While looking for a simple way to get a list of device names, I stumbled on these registry keys where child keys are named after audio capture devices:
HKEY_CURRENT_USER\Software\Microsoft\ActiveMovie\devenum 64-bit\{33D9A762-90C8-11D0-BD43-00A0C911CE86}
HKEY_CURRENT_USER\Software\Microsoft\ActiveMovie\devenum\{33D9A762-90C8-11D0-BD43-00A0C911CE86}
Is this registry location guaranteed to be in the same place for other machines and recent versions of DirectX? Short of implementing a ton of DirectX code, is there some other way to get a list of the DirectShow audio device names? (Possibly through some output of a diagnostic tool.)
The list of DirectShow (a Windows core API, not a part of DirectX anymore) devices is provided by enumerators listing specific category (audio input devices in this case, CLSID_AudioInputDeviceCategory) on request. This is the GUID in question and registry does not necessarily contains entries for all devices there. Instead, enumerator provides the list of devices programmatically via API, combining the available devices of different types.
There is no way to affect enumeration order in well defined/documented way.
The easiest way to enumerate the devices is Windows SDK GraphEdt.exe tool, or its nicer alternate options GraphStudio/GraphStudioNext. Ctrl+F and then select the category:
You can also enumerate devices and their capabilities with EnumerateAudioCaptureFilterCapabilities command line tool (source code), where "Friendly Name" lines list devices in enumeration order:
Moniker Display Name: #device:cm:{33D9A762-90C8-11D0-BD43-00A0C911CE86}\Stereo Mix (Realtek High Defini
Friendly Name: Stereo Mix (Realtek High Defini
Pin: Capture
Capability Count: 23
Capability 0:
AM_MEDIA_TYPE:
.bFixedSizeSamples: 1
.bTemporalCompression: 0
.lSampleSize: 4
.cbFormat: 18
WAVEFORMATEX:
.wFormatTag: 1
.nChannels: 2
.nSamplesPerSec: 44100
.nAvgBytesPerSec: 176400
.nBlockAlign: 4
.wBitsPerSample: 16
.cbSize: 0
To affect the order, such as to place a device on interest on top of the list, I can only think of API hooking, which is a possible thing but not recommended for wide use due to alteration of standard system behavior.
I ran a test today with a DirectShow graph I assembled that had a Capture Filter assigned to my VOIP phone at the top of the graph. The app takes the audio from the capture filter and writes a WAV file, as part of the filter graph's operations. Out of curiosity I ran two copies of the program, fully expecting one of them to throw an error complaining that the capture device was "in use". Much to my surprise both copies of the program worked fine and each created its own WAV file of the recorded audio. The audio in both files was smooth and without problem and twins of each other in regards to the contained audio data.
Can I count on all DirectShow capture filters to exhibit the ability to be shared between multiple filter graphs? Or is every device/driver different?
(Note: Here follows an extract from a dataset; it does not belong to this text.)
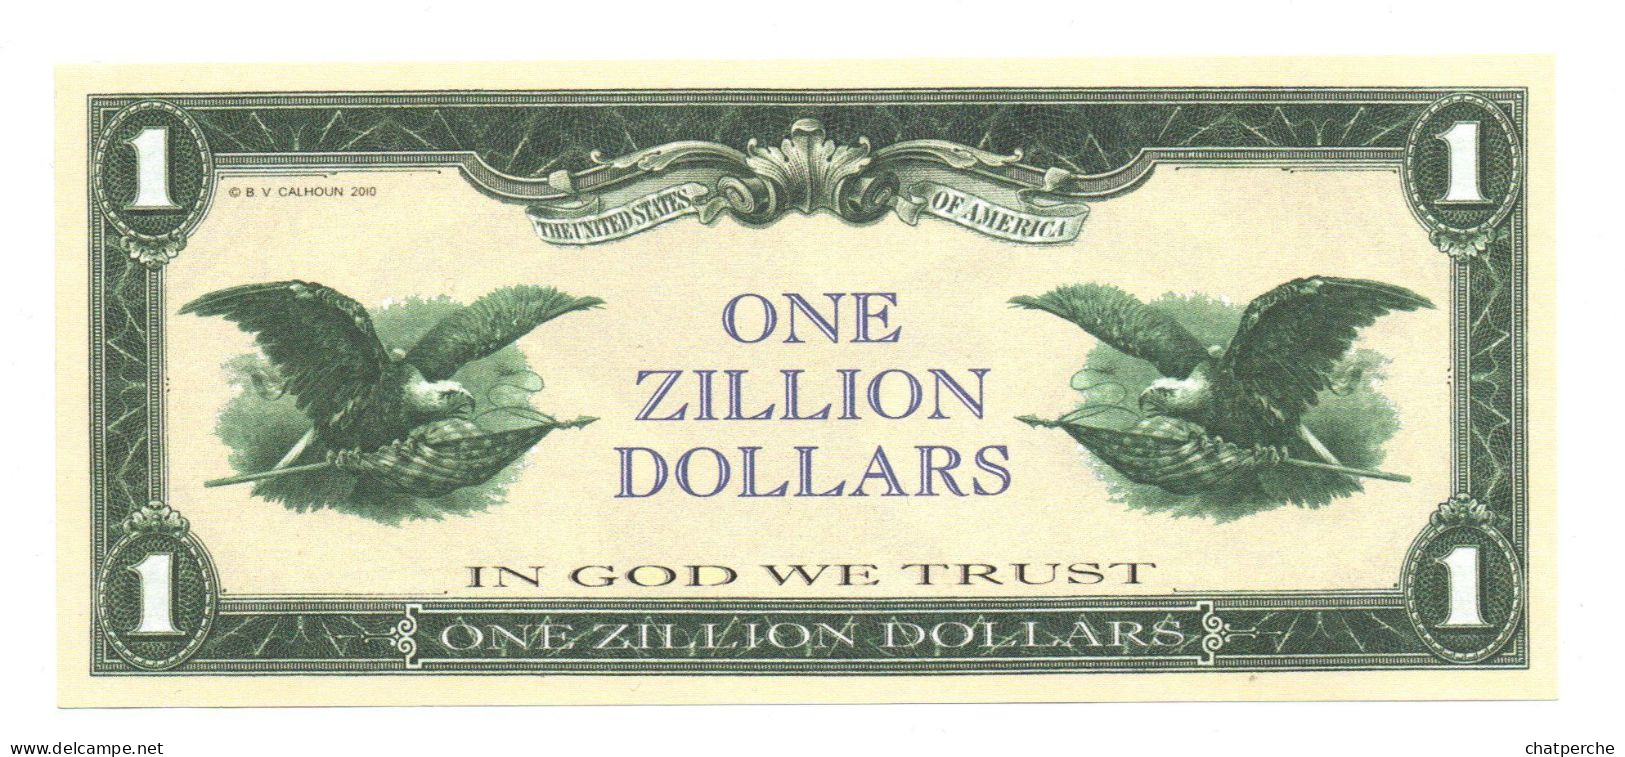 POUR COLLECTIONNEUR FAUX-BILLET FAKE ONE ZILLION DOLLARS AIGLE USA THE UNITED STATES OF AMERICA - Errori

If the filter instances don't share internally any exclusive access resources (such as hardware, specific TCP ports etc), you are free to duplicate them within a process, or in multiple processes. There are no implications as for specific filter to be only active in a single instance throughout the system.
Important example include:
USB video capture: a video capture device is normally intended to be used by one application only, so as soon as it is active it is locked no other application or filter instance can capture from it
Audio playback: popular user mode API for audio is a layer on top of actual playback implementation, internally a driver mixes audio from mutliple audio-enabled applications; so when you play audio, there is no exclusive lock involved because actualy device is shared between applications and there is code running around which combines audio from the applications transparently.